Я могла в эту очередь не вставать. Встала, в общем, случайно. Просто не разобравшись в ситуации. Без пряников можно было и обойтись, никто не мешал испечь, скажем, лепешки. Но хлеба и булки мне было сегодня, 11 января, не купить. Свидетельствую. Чтобы купить, нужно было сознательно встать в очередь на два часа (час с лишним на улице).
С пряниками в руках снова иду по Невскому. В почти пустых кассах предварительной продажи билетов в окошечке под стеклом записка: продажи на февраль нет. «Почему?» — спрашивает подошедшая за мной женщина. Я ухожу прежде, чем она получает ответ. Логическое предположение: в феврале будут снова повышены цены. Когда решат, насколько именно, тогда и будут продавать. А пока я за полминуты покупаю билет до Даугавпилса. Плачу 40 рублей: вчетверо больше, чем заплатила бы месяц назад, вдвое меньше, чем стоит сейчас коробка печенья.
Не память, а прапамять: город пуст. Вся жизненная начинка смыта, и парусом реет легкость. Гениальный чертеж сверкает во всей ослепительной наготе. Видевшие его в девятнадцатом году писали об этом не раз.
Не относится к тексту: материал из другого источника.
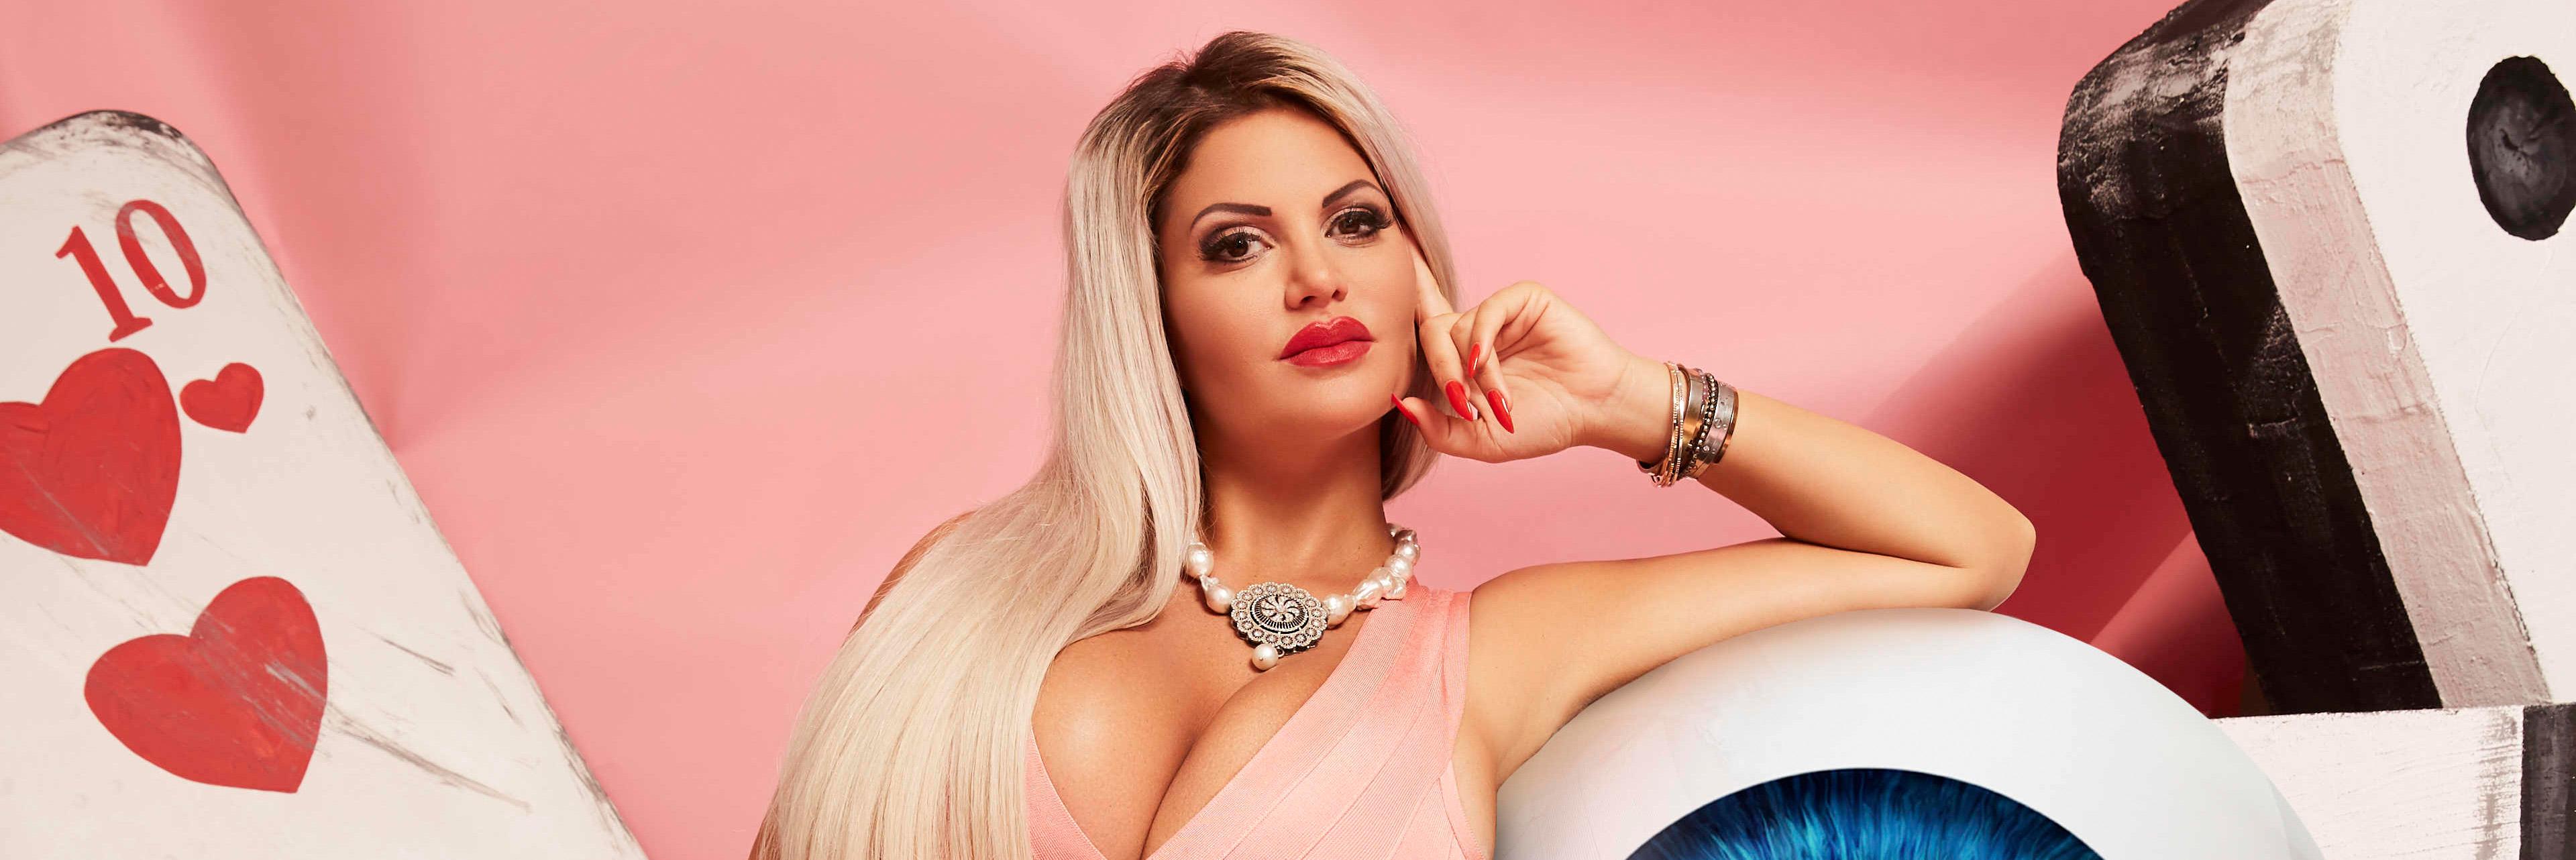 Sophia Vegas Promi Big Brother 2018

Пустым и легким город был и в моем детстве. Уже исчезли все следы войны, еще не появилась накипь жизни. Голубой бархат Мариинского, гранатовый — Александринки, сосредоточенность университетских лабораторий, запах невской воды, доктор с седой бородкой клинышком, дворник, усердно поливающий клумбу из шланга, учительница, накинувшая на зябкие плечи пуховый платок, — они все оттуда, из той давно не существующей, но еще дышащей страны.